Il reste sept auteurs dans ma liste de lecture, que j’ai mise dans un dossier intitulé A VOIR, en raison du fait qu’il s’agit d’articles et d’ouvrages en format pdf.  La plupart ont été trouvés sur Gallica, le site de la Bibliothèque nationale (de France), certains grâce aux éditions Vigdor (je recommande la consultation de leur catalogue) ou bien Google Books (mais jusqu’à présent, les ouvrages téléchargés de Google ne se prêtent pas au « copier-coller » pour les notes.  Sur Gallica, la vignette comporte un petit a qui identifie les pdf copiables.  Sauf vertige de la page blanche, je n’irai pas fourrer mon museau dans le dossier marqué ANTICHAMBRE, où se trouvent ceux qui sont en quarantaine (souvent avec raison).

Du boulot en perspective.

À la fin de mes lectures, je me trouverai en face d’un dilemme (ou plus simplement d’un problème):  comment procéder ?  J’aurai plus de dix pages de notes (100 ko environ par page) et un plan et le gros-oeuvre (qui a déjà fait l’objet d’un réagencement), que je donne comme repère:  1- prolégomènes; 2-principes (là, il y a pas mal de travail à faire, car c’est une décision tardive qui m’a poussé à intégrer une révision des principes de la thèse d’État de 87). 3- sens et signification (retouches, légers remaniements - rien dans mes lectures archéologiques ne motive un changement de terminologie); 4- inférence (sans doute intégrer l’historique du virage logistique et l’apparition de l’implication comme symbole au lieu du premier symbole algébrique qui était le signe d’égalité d’après Tannery) 5- opérations cognitives (insérer l’historique logico-philosophique du XIXe s.); 6- modèles et outils (comme il s’agit des mieux, peu de choses à changer); 7- règle et relations (la remarque est la même); 8- règle et conditions (idem); 9- organisation cognitive (psychologie: faire état des diverses solutions idées/images/état de conscience/schème, etc., considérations sur la pensée eheh); 10- signification: croyances et jugements (la partie jugement peut intégrer pas mal de notes de logiciens ou de théorie de la connaissance); 11- doxa, axiologie, idéologie (comme il s’agit des modalités de la signification dans le modèle, ajouter de-ci de-là, probablement réaménagement quelque chose pour la référence, dont les psychologues parlent peu entre 1850 et 1930; 12- l’hypothèse Gamma s’enrichira des considérations sur la croyance et le savoir, des théoriciens de la connaissance, de des épistémologues; 13- Le supplément contre Saussure vise surtout son rejet de la synonymie au nom du jeu d’échec où les pièces n’ont pas la même valeur, sauf dans le camp adverse.  Devrait s’appuyer sur Boissière et Lafaye (que j’ai téléchargés in extenso).  Le Saussurisme repose sur la différence tandis que la sémantique opératoire (j’aimerais pouvoir dire opérative, comme en italien) repose sur l’intersection, qui est un jalon vers l’identité.

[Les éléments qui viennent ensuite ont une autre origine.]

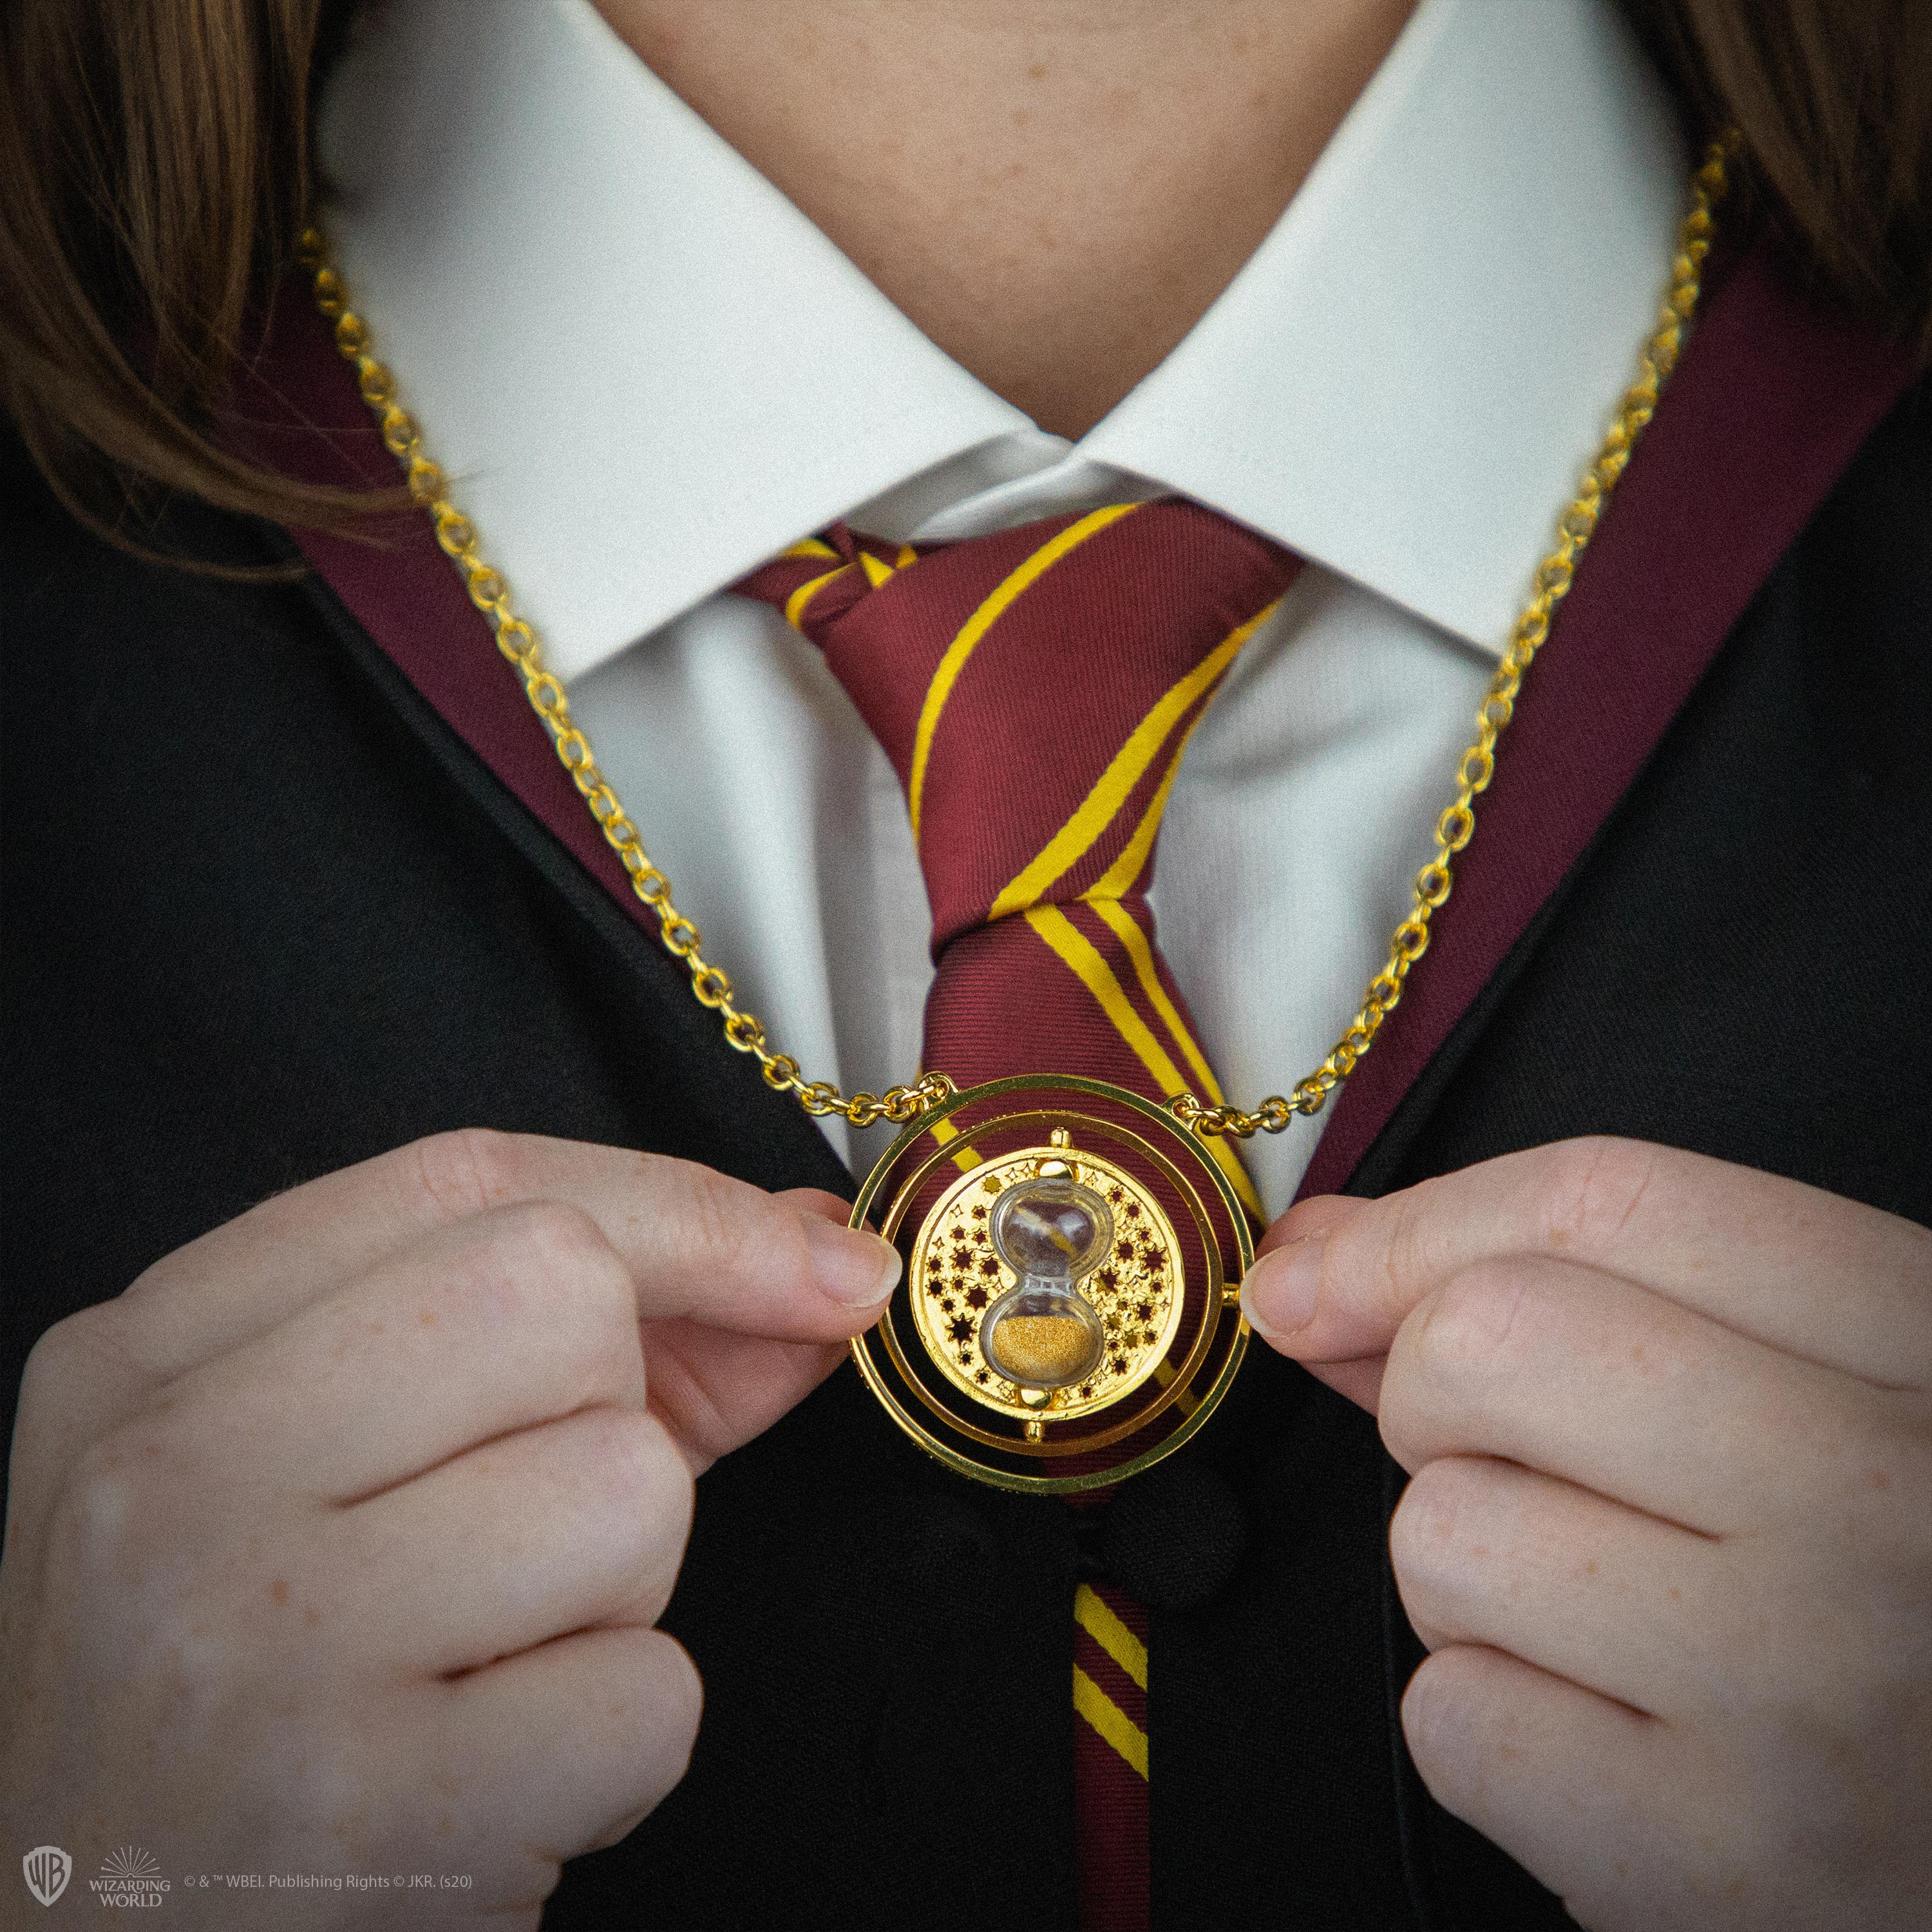 30mm Time Turner Necklace - Boutique Harry Potter

Il est cependant entendu qu’une sémantique de la compréhension ne peut pas admettre l’identité au sens mathématiquo-logique, quoique l’égalité grammaticale existe.  Deux occurrences d’une même forme n’ont pas nécessairement le même sens; n’est pas admis non plus le mythe d’une forme/un sens. La monosémie comme thèse centrale n’est qu’un cri de ralliement d’une école psychologiste, apparentée aux prototypistes. On peut, dans ces cas-là, parler de maux du sens.

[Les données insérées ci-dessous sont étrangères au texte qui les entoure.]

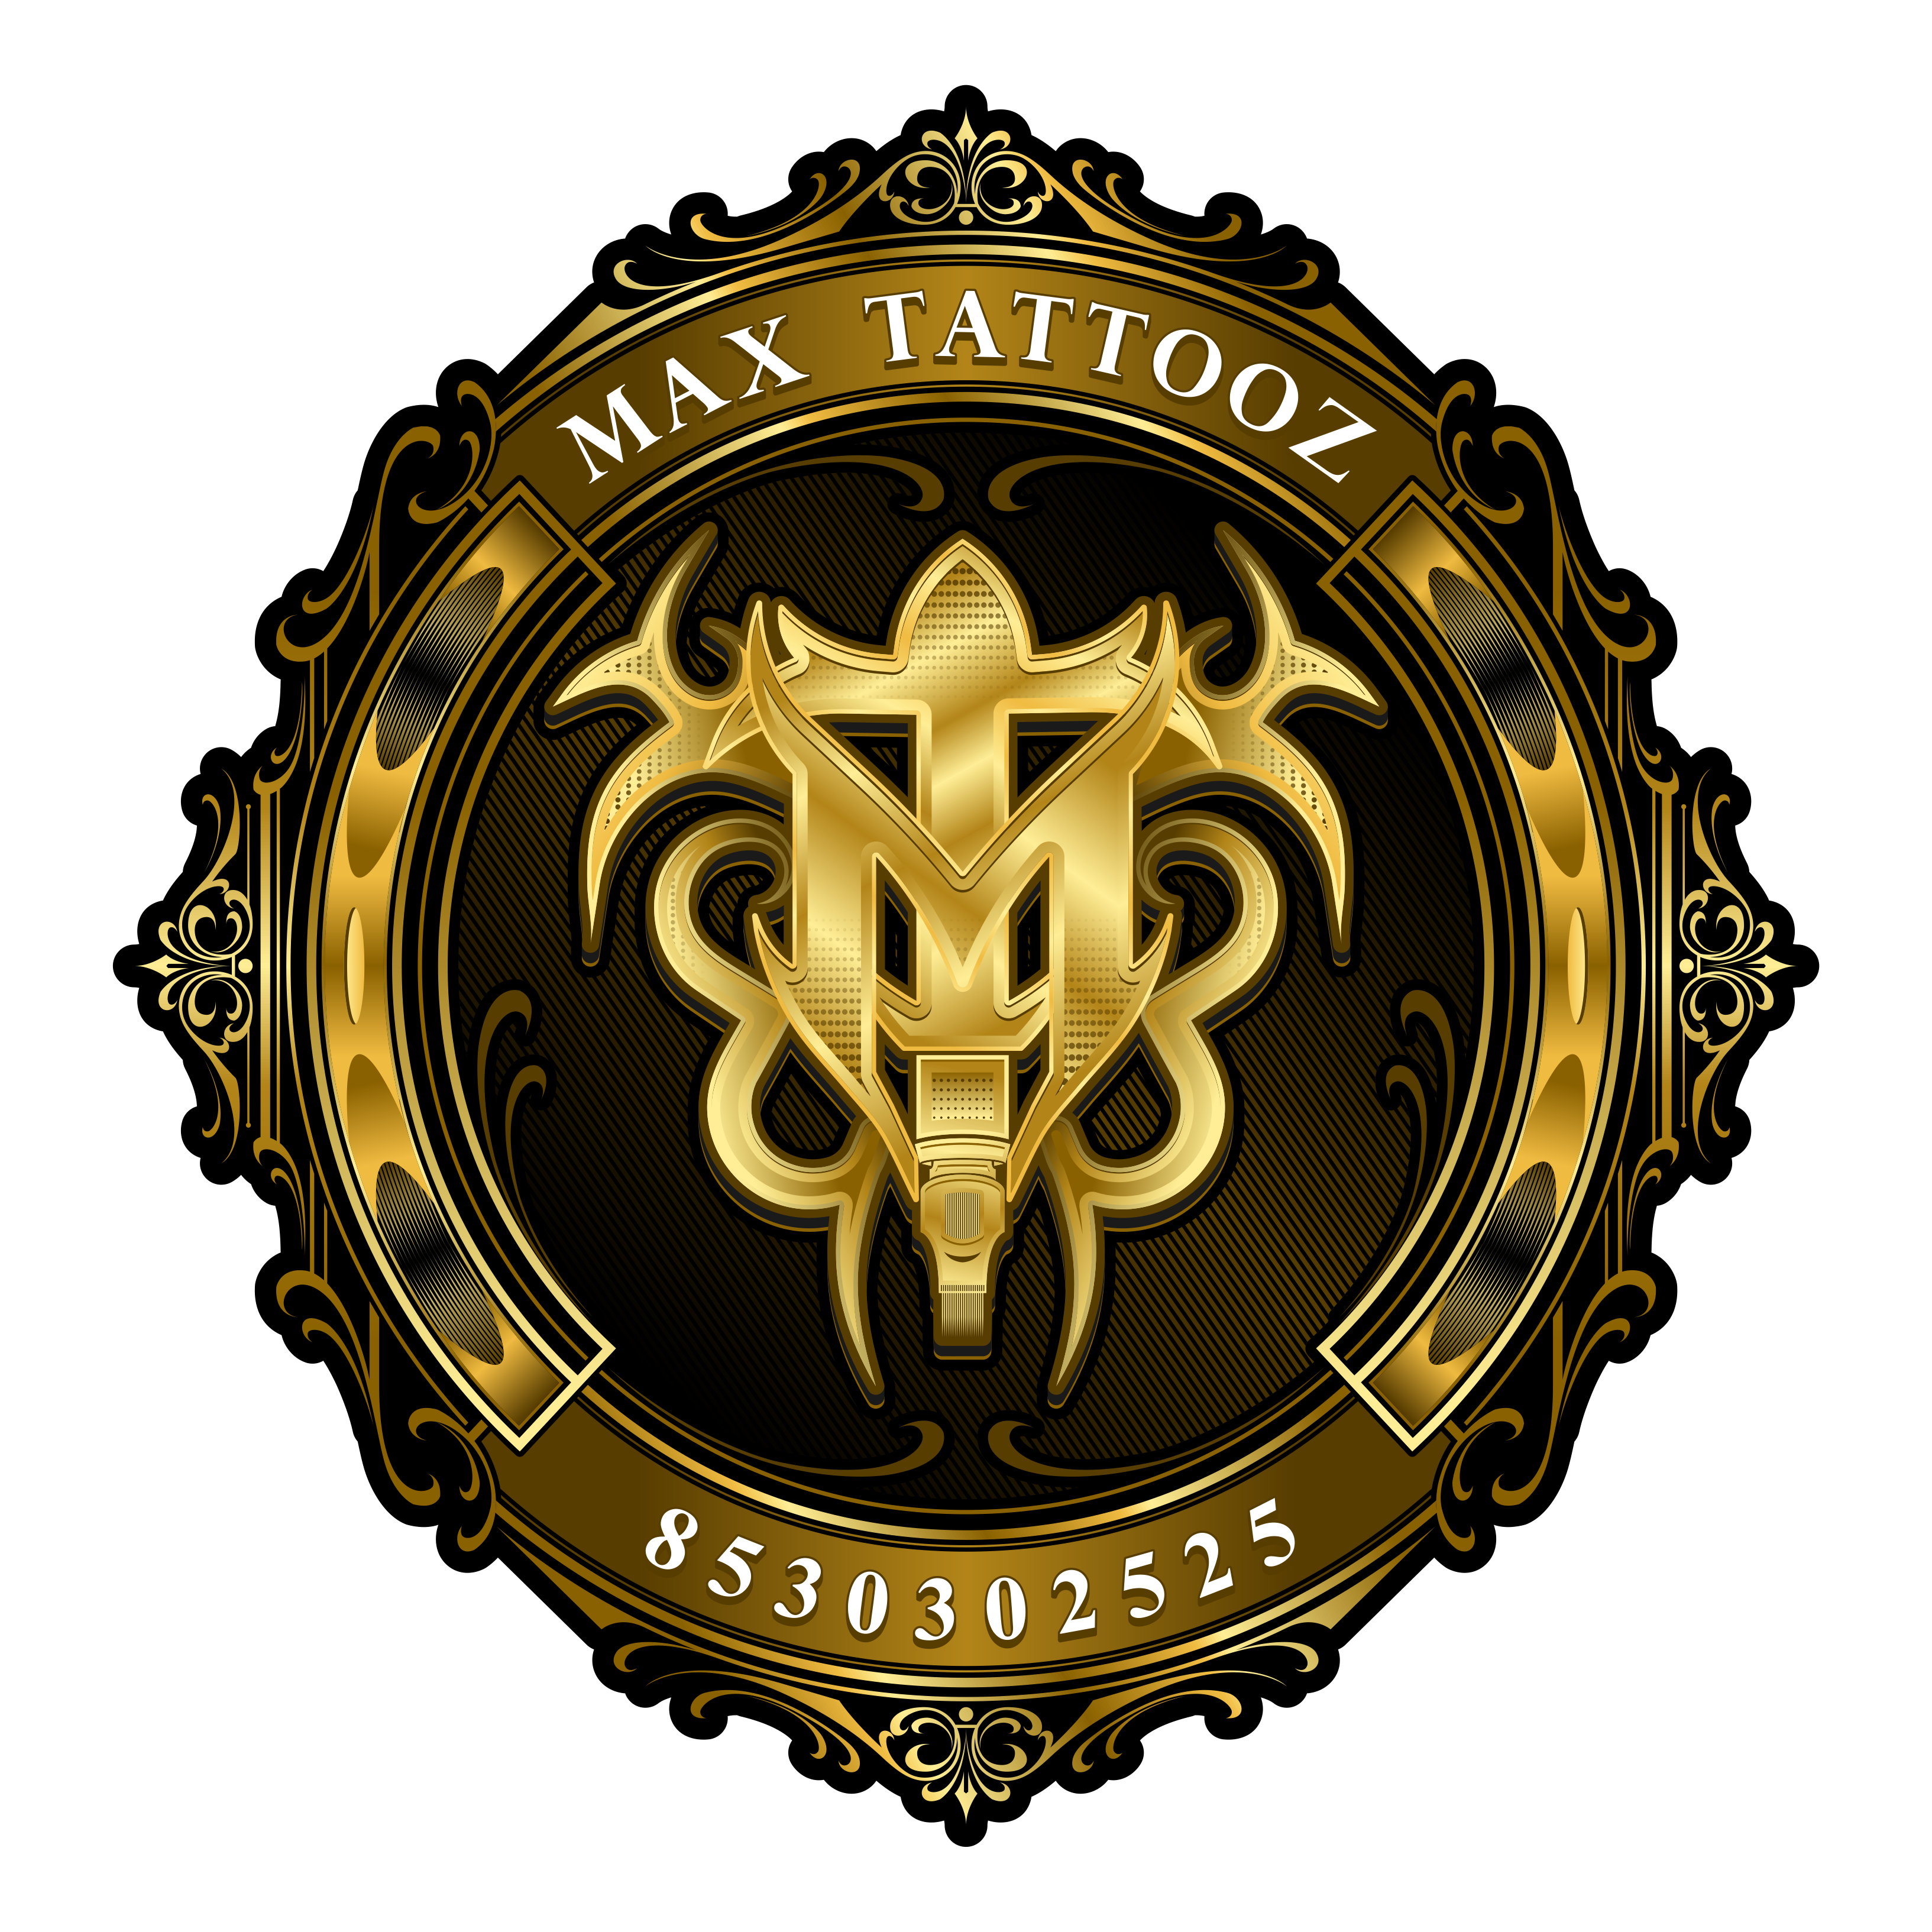 Max tattoo

Aujourd’hui la lecture de Naville (Ernest) consistait en un article extrait de son ouvrage déjà lu, avec quelques variantes ou oublis de ma part.  Ensuite je suis tombé sur un article de Egger (60 p.) en pdf image [impossible donc de copier-coller pour la prise de note], et, en mal de patience, je l’ai envoyé en queue de liste.  Le prochain est d’un philosophe belge (Delbœuf) qui s’était mis en 1876 dans l’idée de construire une logique symbolique (100 p.).  On verra.  [à suivre]  schnauzer.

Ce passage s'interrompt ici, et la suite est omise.